Не знаю, как быть. Я нервничаю. Происходит что-то странное. Дело в Алисе. У неё какой-то секрет, которым она не хочет со мной поделиться. Раньше у нас никогда не было друг от друга секретов!

Я обо всём ей рассказывала, даже о том, как описалась после «Макдоналдса», потому что не пошла в туалет после двух больших порций кока-колы и молочного коктейля. Алиса знает, что я не люблю засыпать, пока не зажгут ночник, маленький кроличий домик, — просто не очень люблю темноту. Когда дедушку положили в больницу на операцию, я сказала Алисе, что ужасно боюсь, что ему не станет лучше, хотя, слава богу, он потом быстро поправился.

Алиса тоже всегда делилась со мной своими секретами. Она рассказала мне, какой скандал разразился между её родителями, когда однажды папа слишком много выпил на вечеринке. Подруга призналась, как однажды стащила шоколадную ириску в видеоцентре.

Конфета валялась на полу, поэтому Алиса надеялась, что её кто-то уронил, но всё равно боялась, что её примут за воровку. Она так сильно разволновалась, что не смогла съесть ириску. Я ей в этом помогла — лишь бы она не нервничала!

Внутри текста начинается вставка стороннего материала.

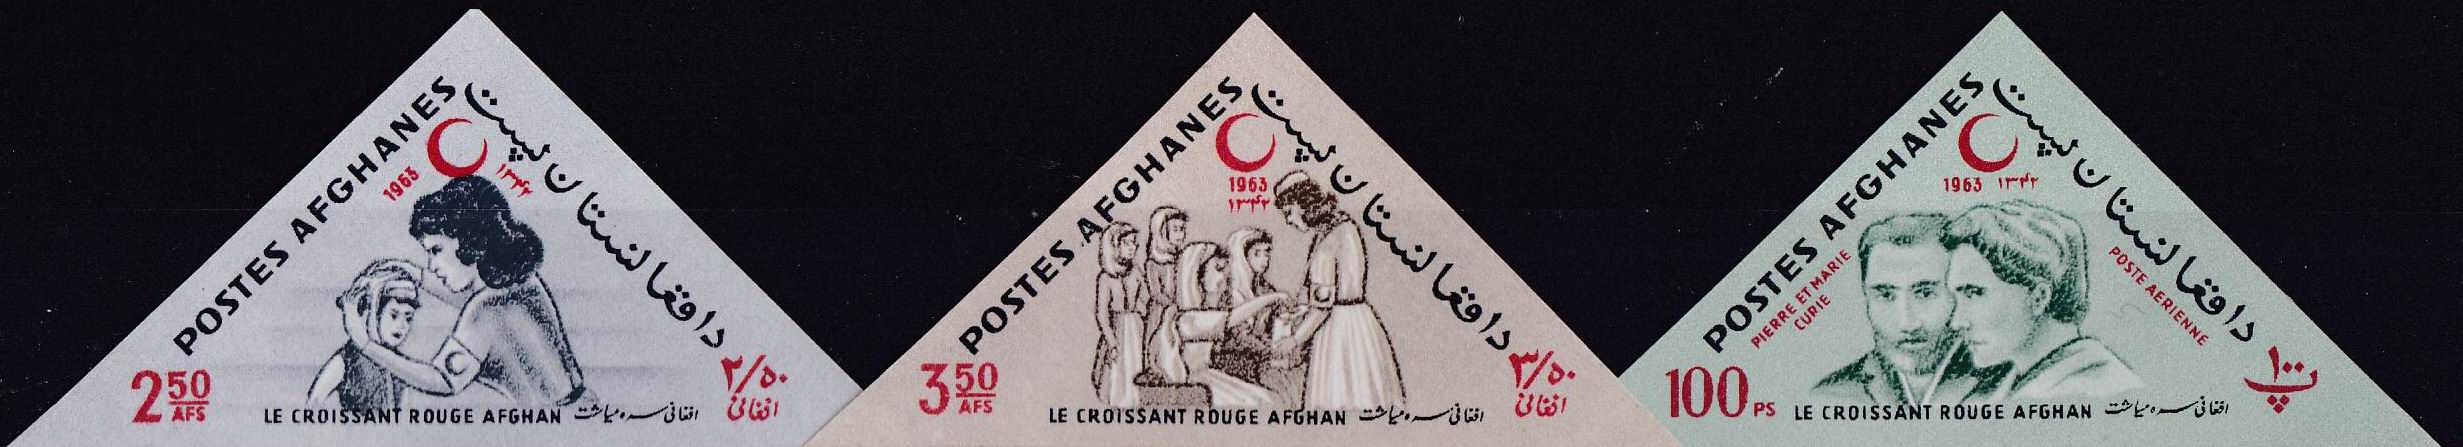 Afghanistan 1963 Stamps Red Cross Marie Curie Nobel Prize Cancer

Чего она мне только не рассказывала! Но сейчас у неё есть этот секрет. Она не знает, что я про него знаю. Я узнала не по-честному. Я прочитала её дневник.

Согласна, никогда нельзя читать чужие дневники, особенно если это дневник лучшей подруги. На самом деле я несколько раз залезала в дневник Алисы. Не из вредности или любопытства. Просто очень интересно узнать, о чём она думает, как будто у неё во лбу открывается маленькое окошко и сквозь него можно заглянуть в мозг. Чаще всего это очень приятно, потому что она пишет обо мне.

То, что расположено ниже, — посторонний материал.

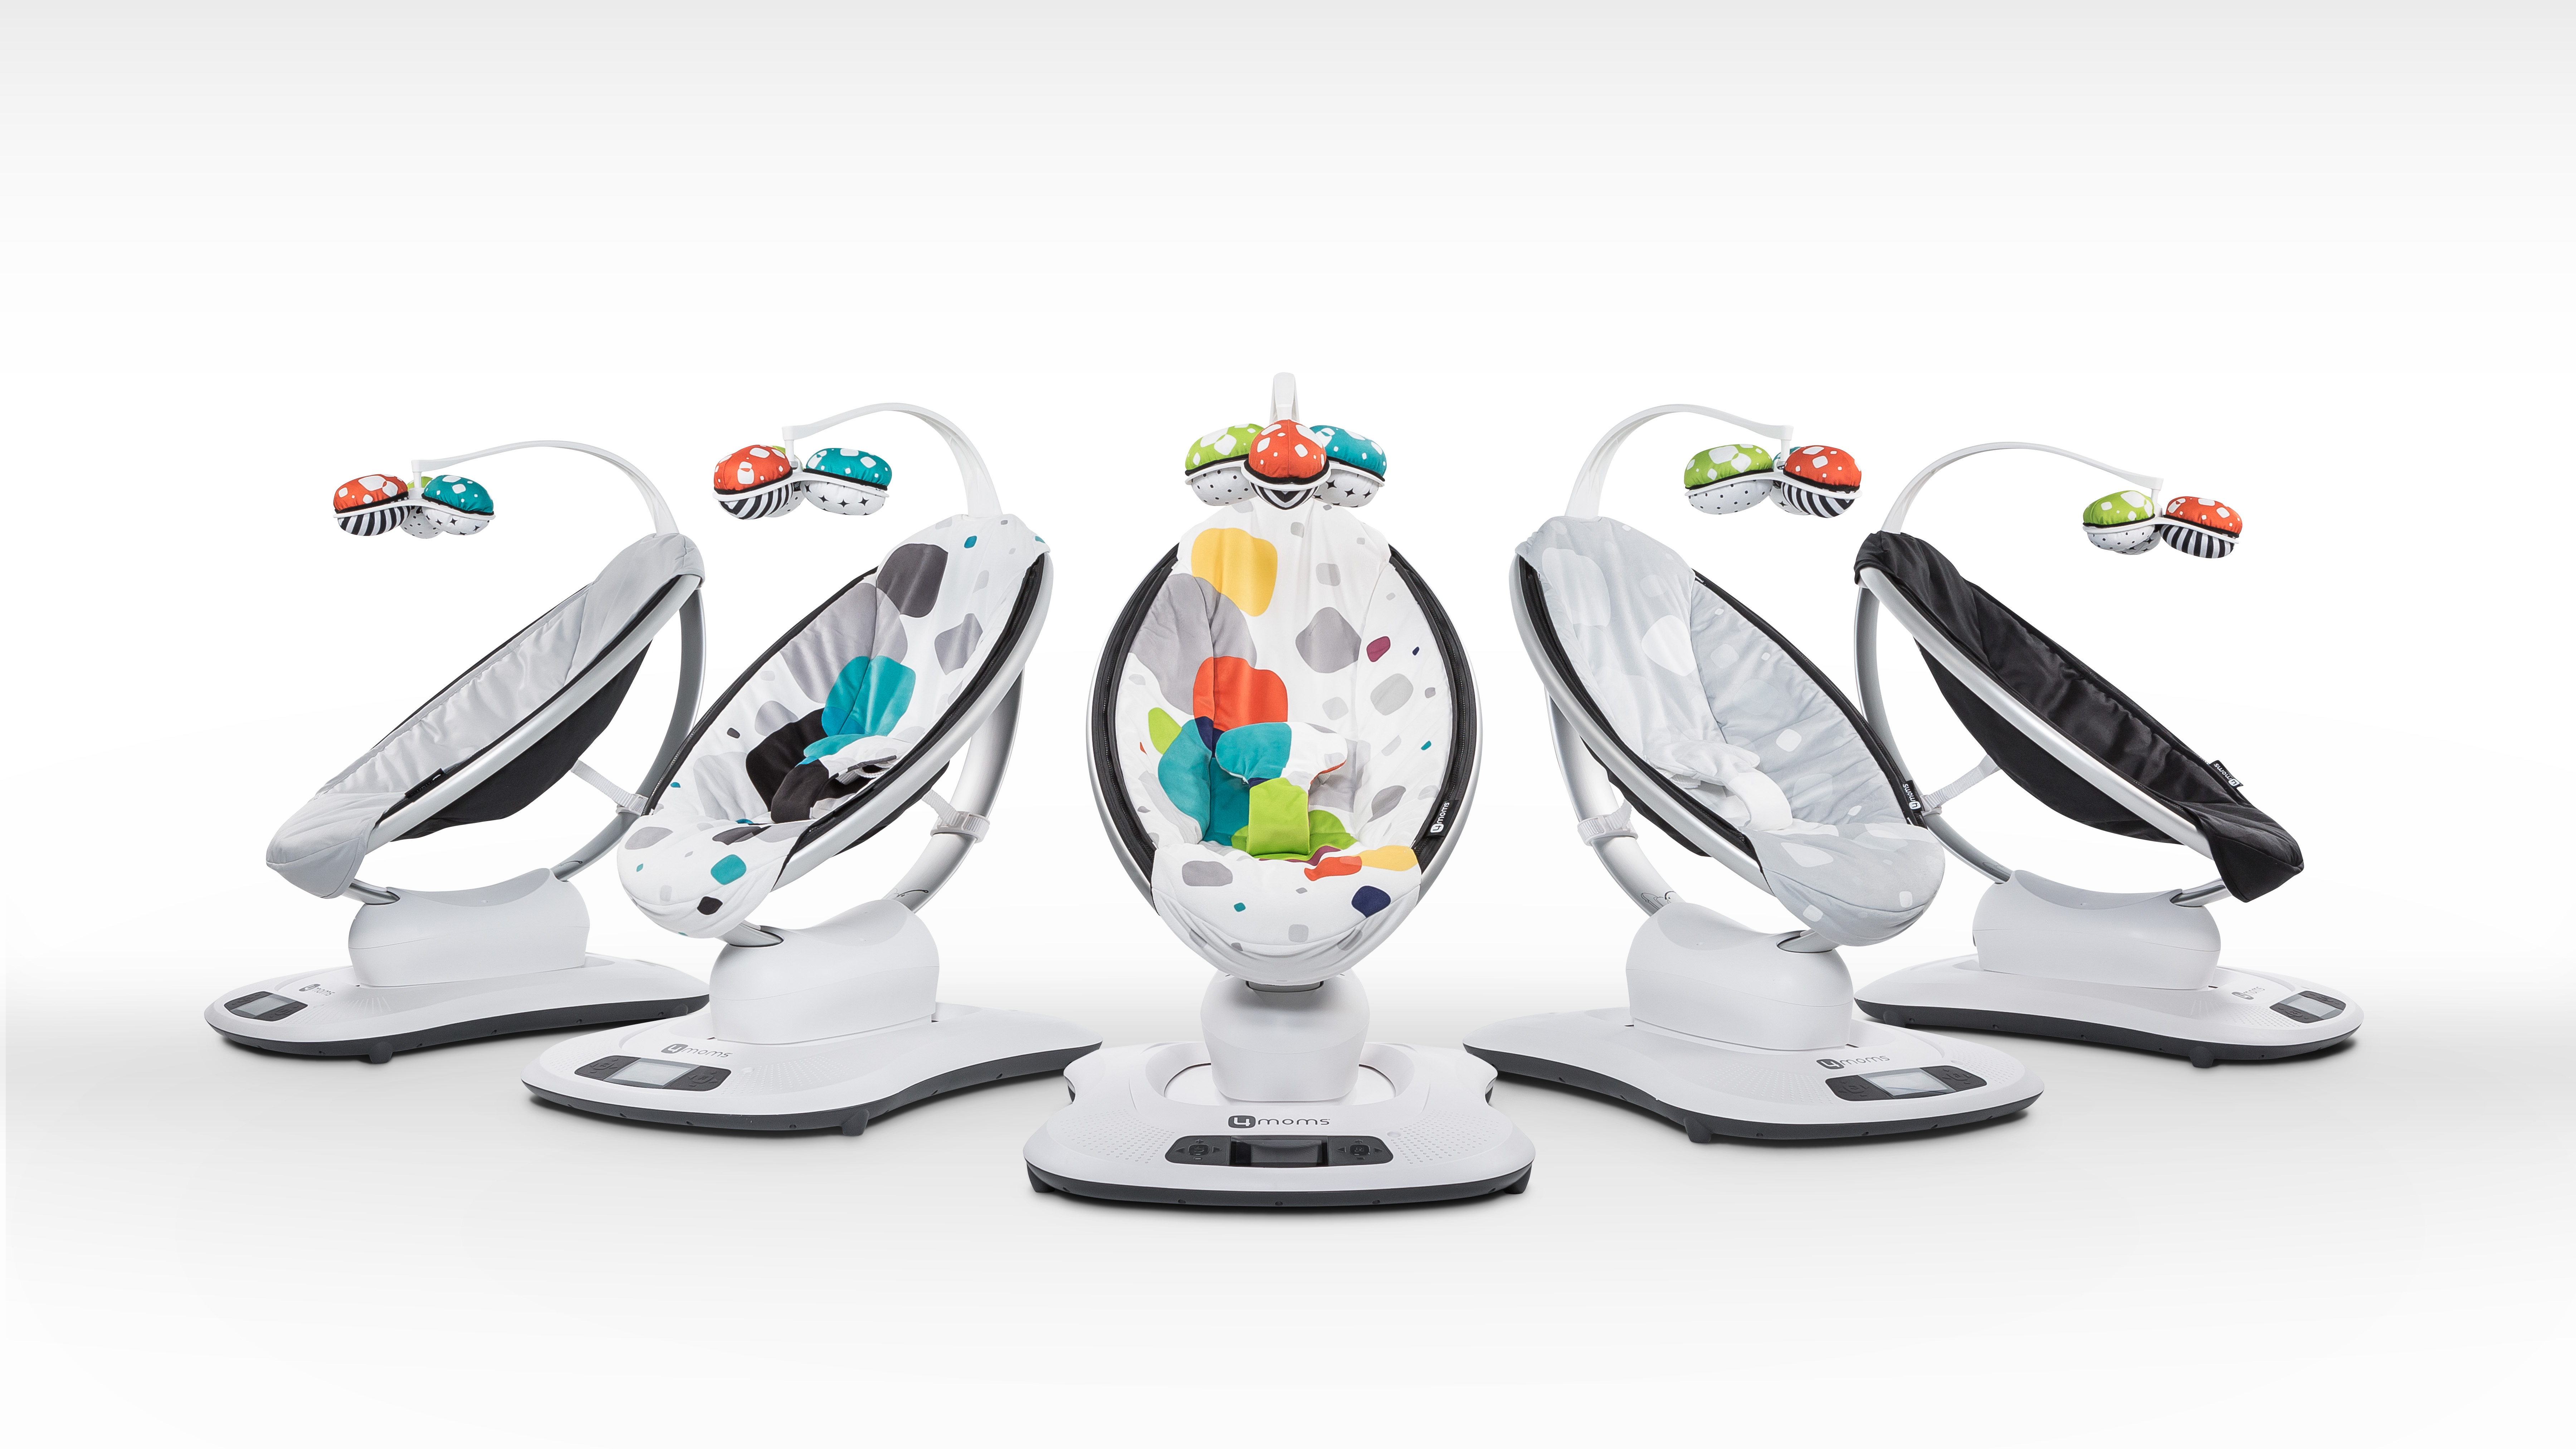 4moms mamaroo bluetooth connection

Сегодня в классе Джемма всех смешила, и даже миссис Уотсон расхохоталась… Мы с Джеммой сочинили комикс про всех животных в Ноевом ковчеге. Жирафы неожиданно подскочили и пробили в крыше дыру, а шел сильный дождь. Тогда слоны растопырили уши и заслонили Ноя и его семью, и никто не промок.

У Джем полным-полно идей. В школе сегодня было тошно, потому что мама не хочет покупать мне замшевый пиджак, который мы видели в субботу, но Джемма поделилась со мной шоколадкой и сказала, что купит мне много замшевых пиджаков, когда мы подрастем.

Мне нравится, что на каждой странице она рассказывает, какая я смешная, изобретательная и добрая. Мне приятно, что на титульный лист дневника она приклеила нашу забавную фотографию, на которой мы стоим обнявшись. Она обвела её серебряным фломастером, точно рамкой, а вокруг поместила свои любимые наклейки с цветами, дельфинами, котятами и балеринами.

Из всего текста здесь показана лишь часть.